When Bad Things Happen

to Good People

A sermon by

The Rev. Alex Stevenson

Job 1:1, 2:1-10

SERMON: When Bad Things Happen to Good People

Why do bad thing happen to good people? This is one of those questions that people of faith have pondered for millennia. Why do seemingly good or innocent people suffer? Why do children die in natural disasters? Why are infants born with debilitating diseases and why do babies get cancer?

Job is the book in the Bible that deals with this issue head on. In it we are told the story of a man who is truly righteous. In fact God Himself says that Job is blameless. Yet Job suffers horribly! He loses all his possessions and his family in one day. Then he loses his health and suffers from a horrible disease. Yet in all of this, Job does not sin against God.

But the question of why bad thing happen to good people is much closer to home than some guy who lived thousands of years ago in a far away land. For me it’s in my own family. Why did God allow my daughter Mary at the age of 7 to lose much of her hearing? Why did God allow Melissa at the age of 3 to lose much of her hearing and vision? They were surely innocent, yet God allowed this to happen to them.

As I said, people of faith have wrestled with this issue for thousands of years. The book of Job was probably written between 2,500 to 3,000 years ago. So there have been a number of different approaches to this issue. Let’s just take a quick look at a few attempts to answer the question: Why do bad things happen to good people?

The first response is “Who is really good?” After all, the Bible says that “all have sinned and fallen short of the glory of God.” So all of us are deserving of punishment and suffering.
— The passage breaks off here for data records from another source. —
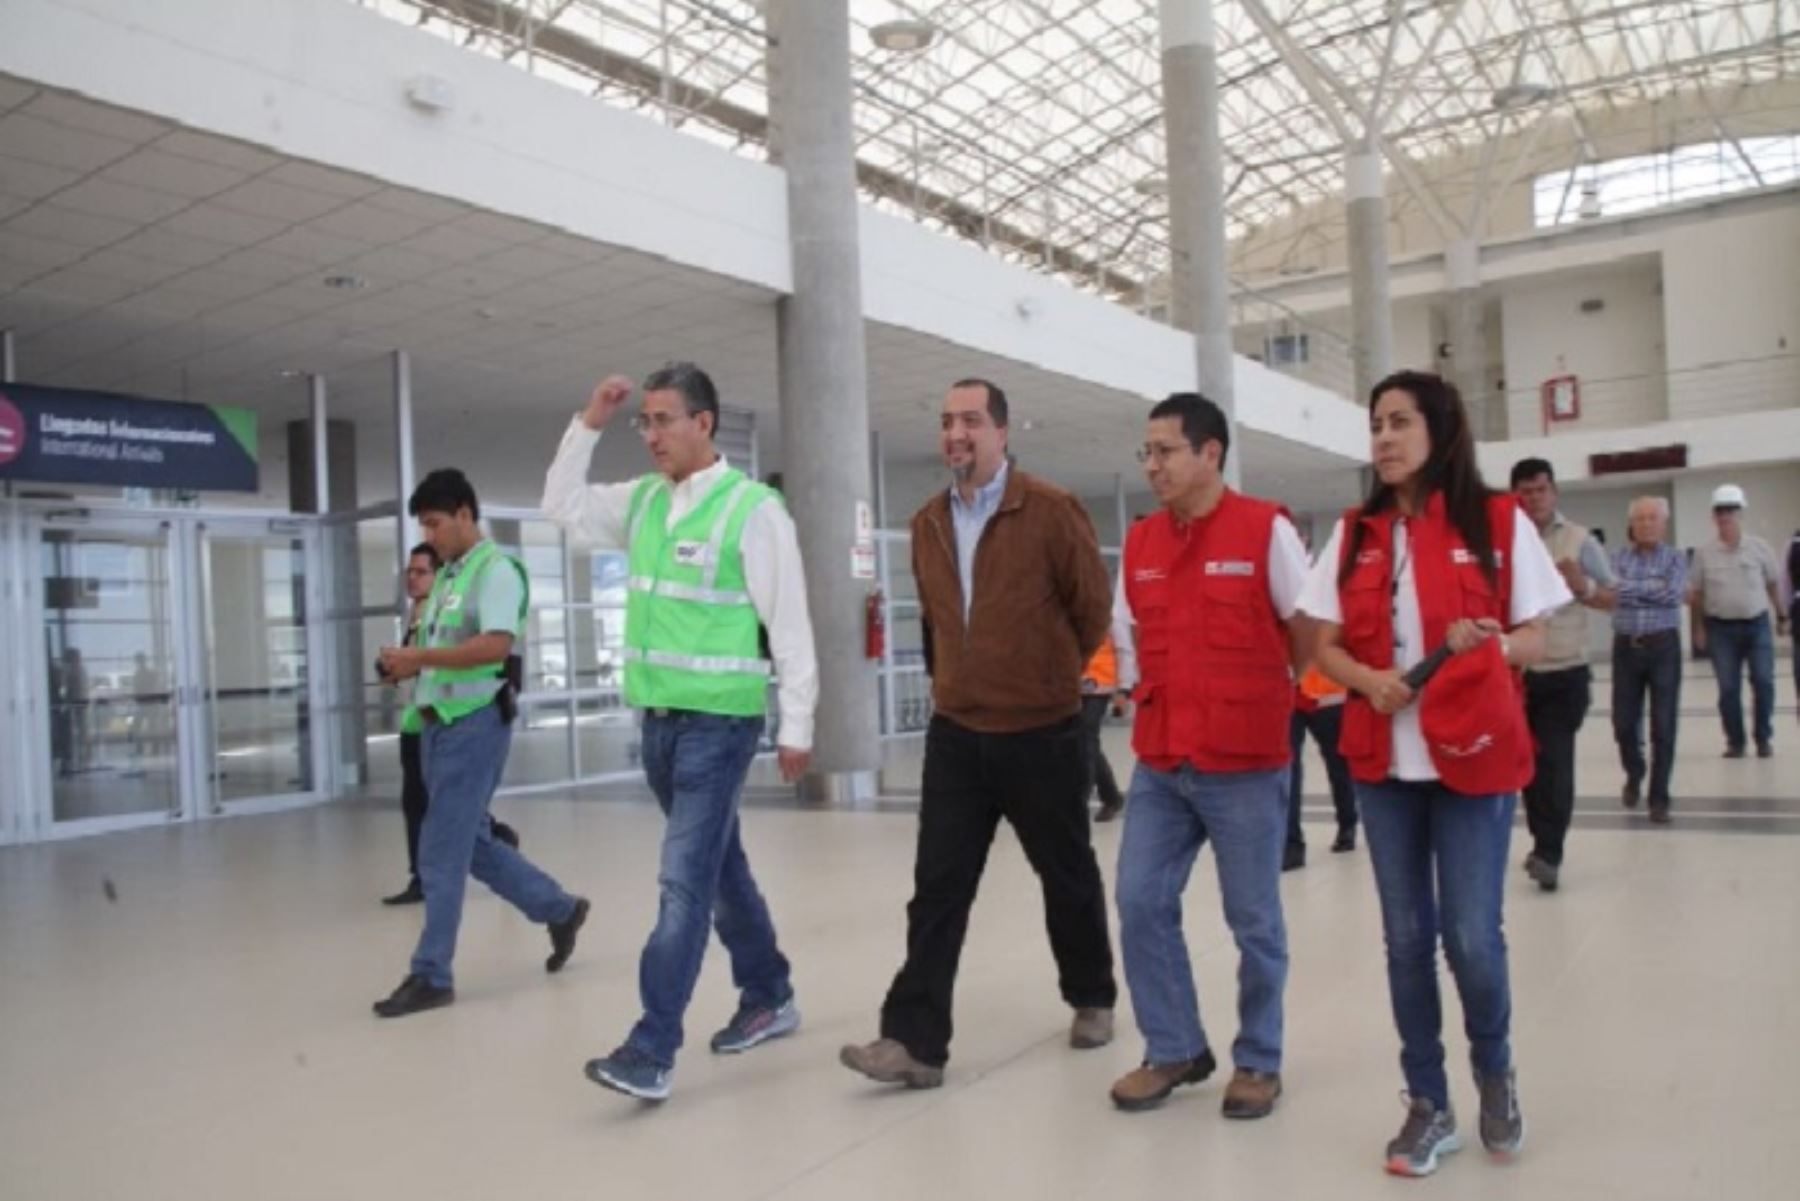 El Aeropuerto de Pisco recibe aproximadamente 65 000 pasajeros cada año. La capacidad de este terminal aéreo es diez veces mayor”, precisó el ministro de Transportes, EdmerTrujillo.
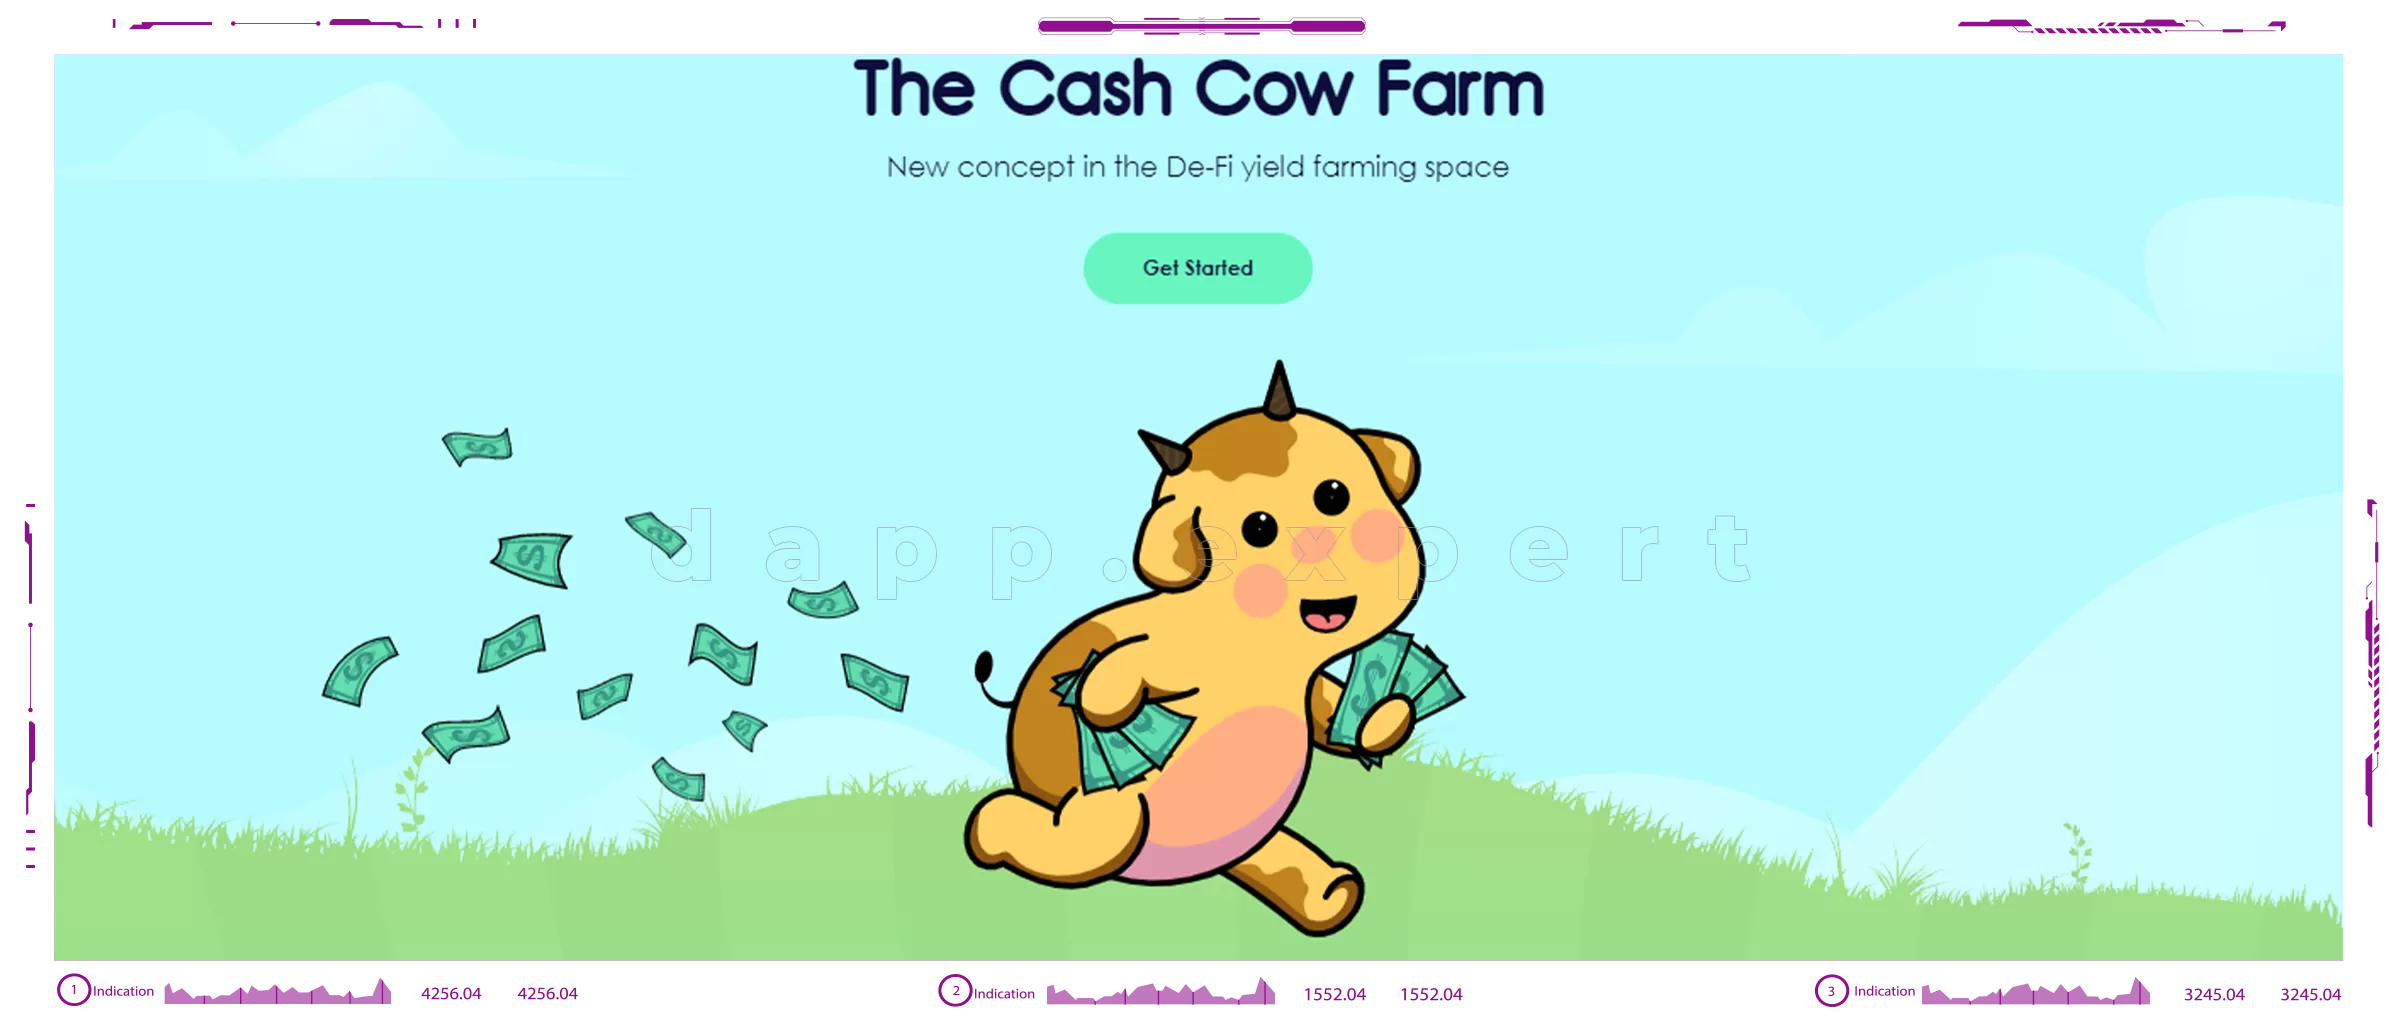 Dapp Cash Cow Farm
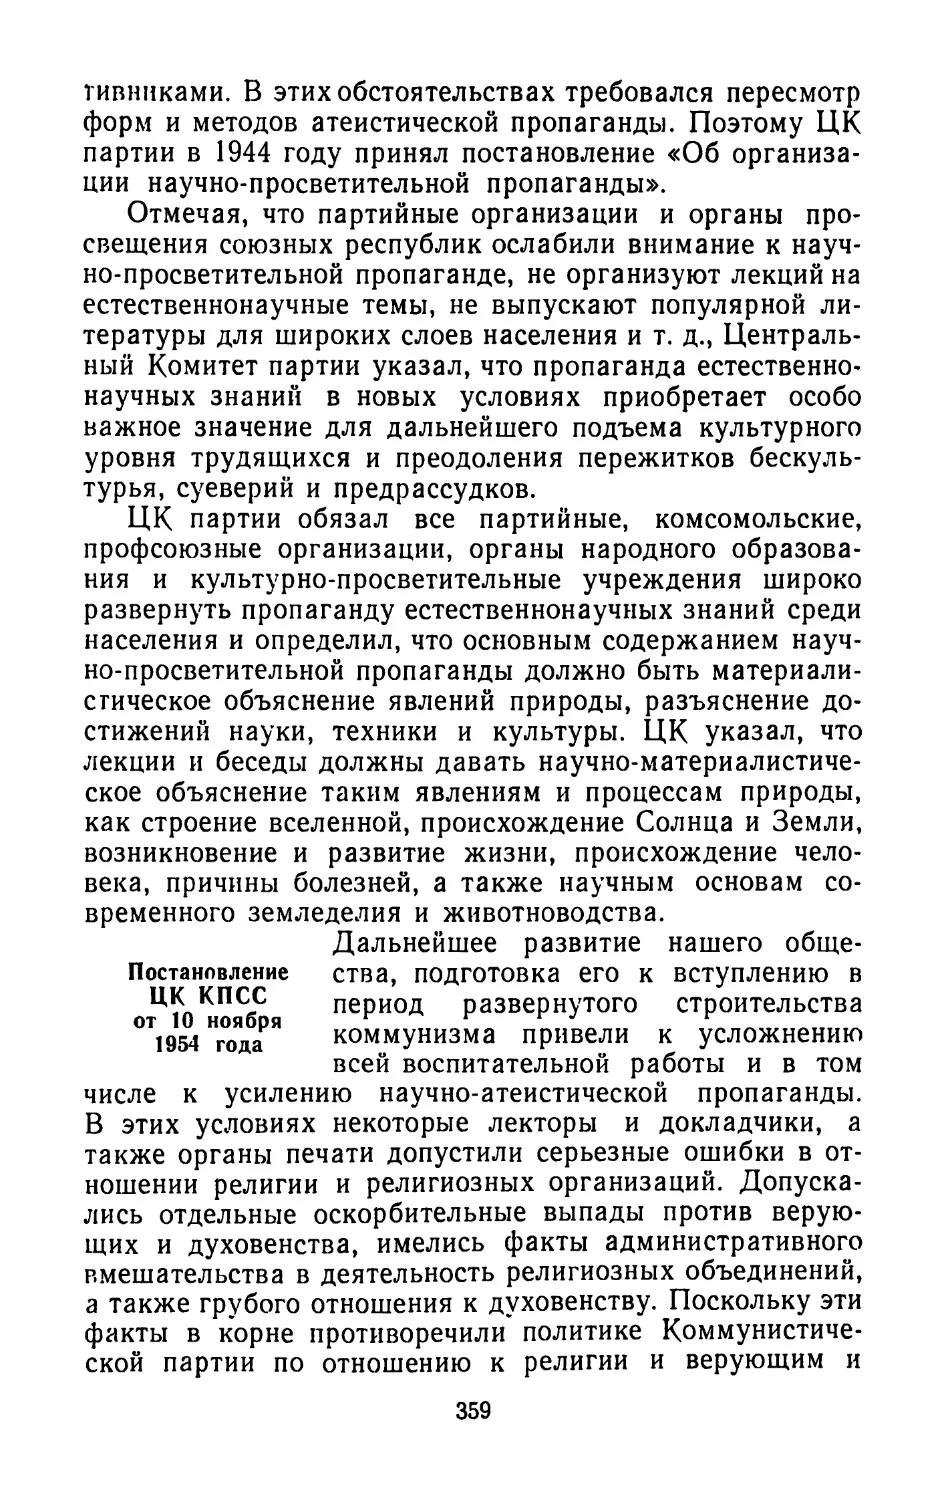 Постановление ЦК КПСС от 10 ноября 1954 года

So really, bad things do not happen to good people because there are no truly good people.

Well what about Job? Could he have been truly blameless? Maybe he was just as blameless as a person could be. Or maybe he was blameless by Old Testament standards. Like many of us, maybe he never actually stole anything or killed anyone. But Jesus raised the bar of righteousness to show us God’s standard. Jesus says if we covet we have stolen and if we hate we have killed. By those standards we are all thieves and murderers – sinners all! So Job may have been blameless by human standards but not by God’s eternal standards. Therefore he deserved his suffering as punishment.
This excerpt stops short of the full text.